Согласно классической экономической теории, которая превращает в священную корову корысть как первопричину человеческого поведения, более крупные суммы убеждали людей согласиться на сделку ради собственного финансового блага. Как мог любой свидетель этой транзакции сомневаться в этом? Причина – денежная выгода, не так ли? Никаких сюрпризов, верно? Действительно верно, если не считать одного дополнения, которое противоречит всей этой логике: почти никто не взял денег.
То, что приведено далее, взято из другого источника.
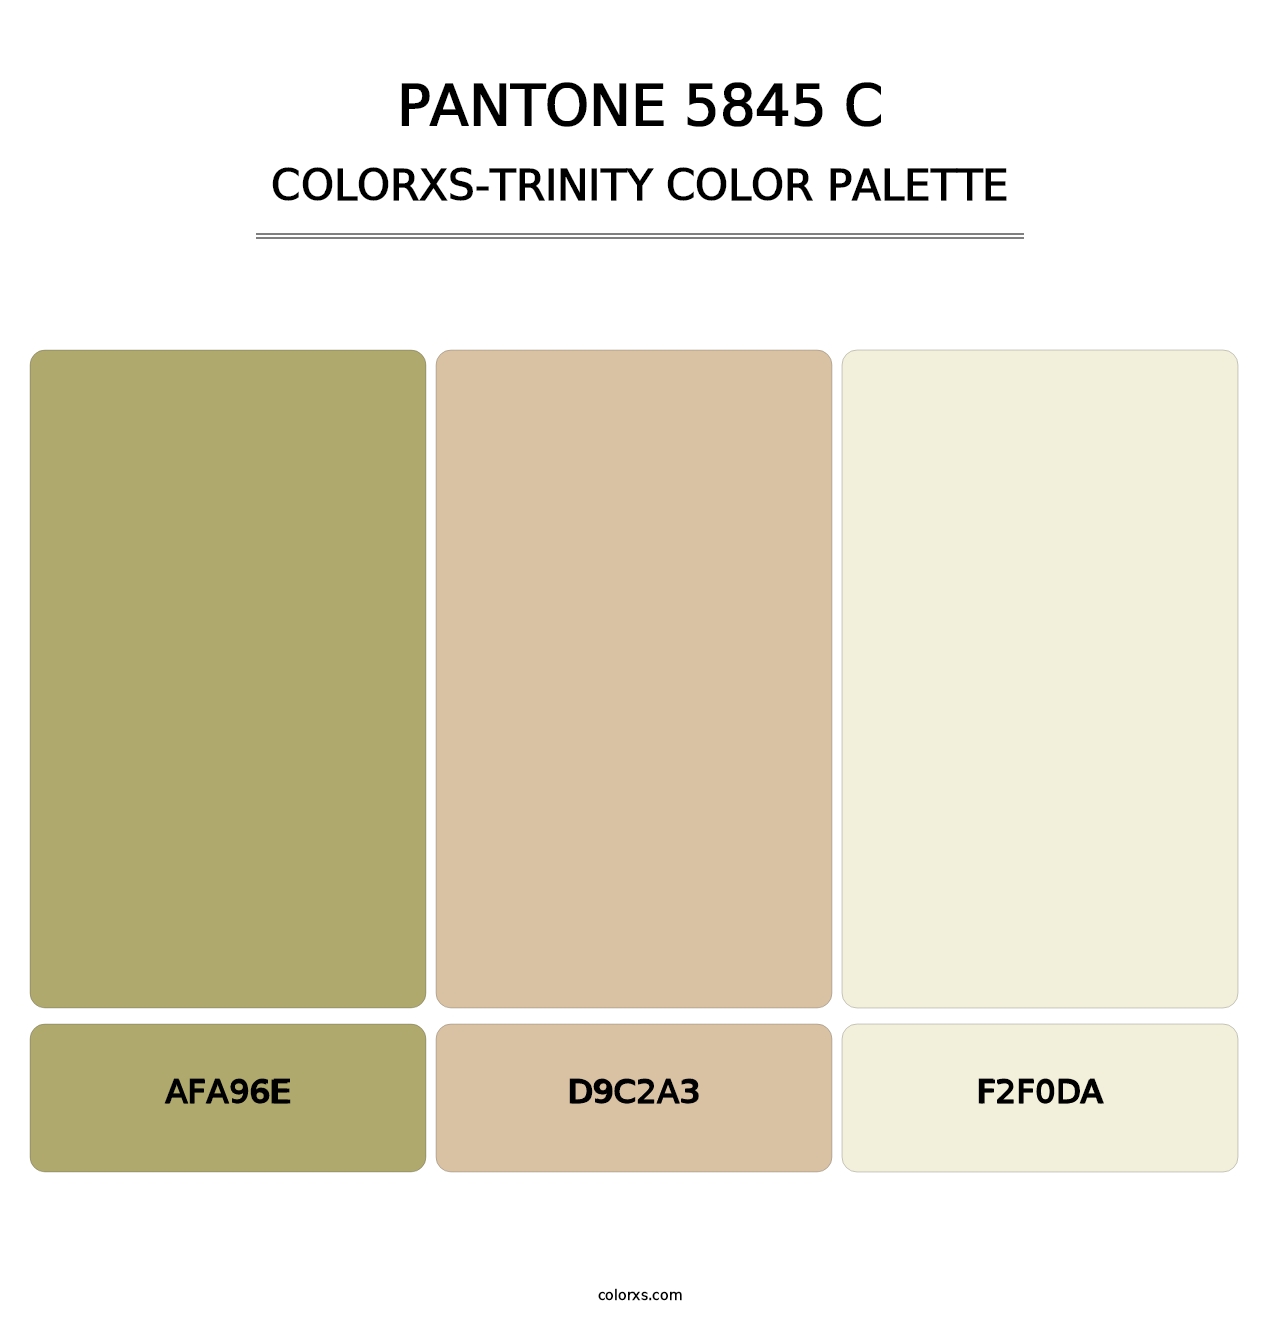 PANTONE 5845 C - Colorxs Trinity Palette

«Ничего себе, – должно быть, думал про себя Оберххольцер-Ги, – вот странность!» В полученных им данных возник ряд странностей, по крайней мере на взгляд приверженцев идеи о материальной выгоде как главной причине человеческих поступков. Например, хотя более весомый денежный стимул увеличивал шансы человека вклиниться в очередь, он не увеличивал вероятность принятия платежа теми, кто ему уступал. Более выгодные сделки с большей вероятностью побуждали людей пожертвовать своим местом в очереди, но компенсации они не принимали.
Чтобы объяснить свои открытия, Оберхольцер-Ги отступил от явных экономических факторов в сторону скрытого фактора – обязанности помогать нуждающимся, которую ощущали эти люди.
Это ощущение логически вытекает из нормы помощи, которую бихевиористы называют нормой социальной ответственности. Она констатирует, что нам следует помогать нуждающимся в помощи пропорционально степени их потребности.
Многолетние исследования показывают:
чем больше человек нуждается в нашей помощи, тем более обязанными мы чувствуем себя обеспечить ее и тем более виноватыми – если не обеспечиваем и с тем большей вероятностью стараемся помочь.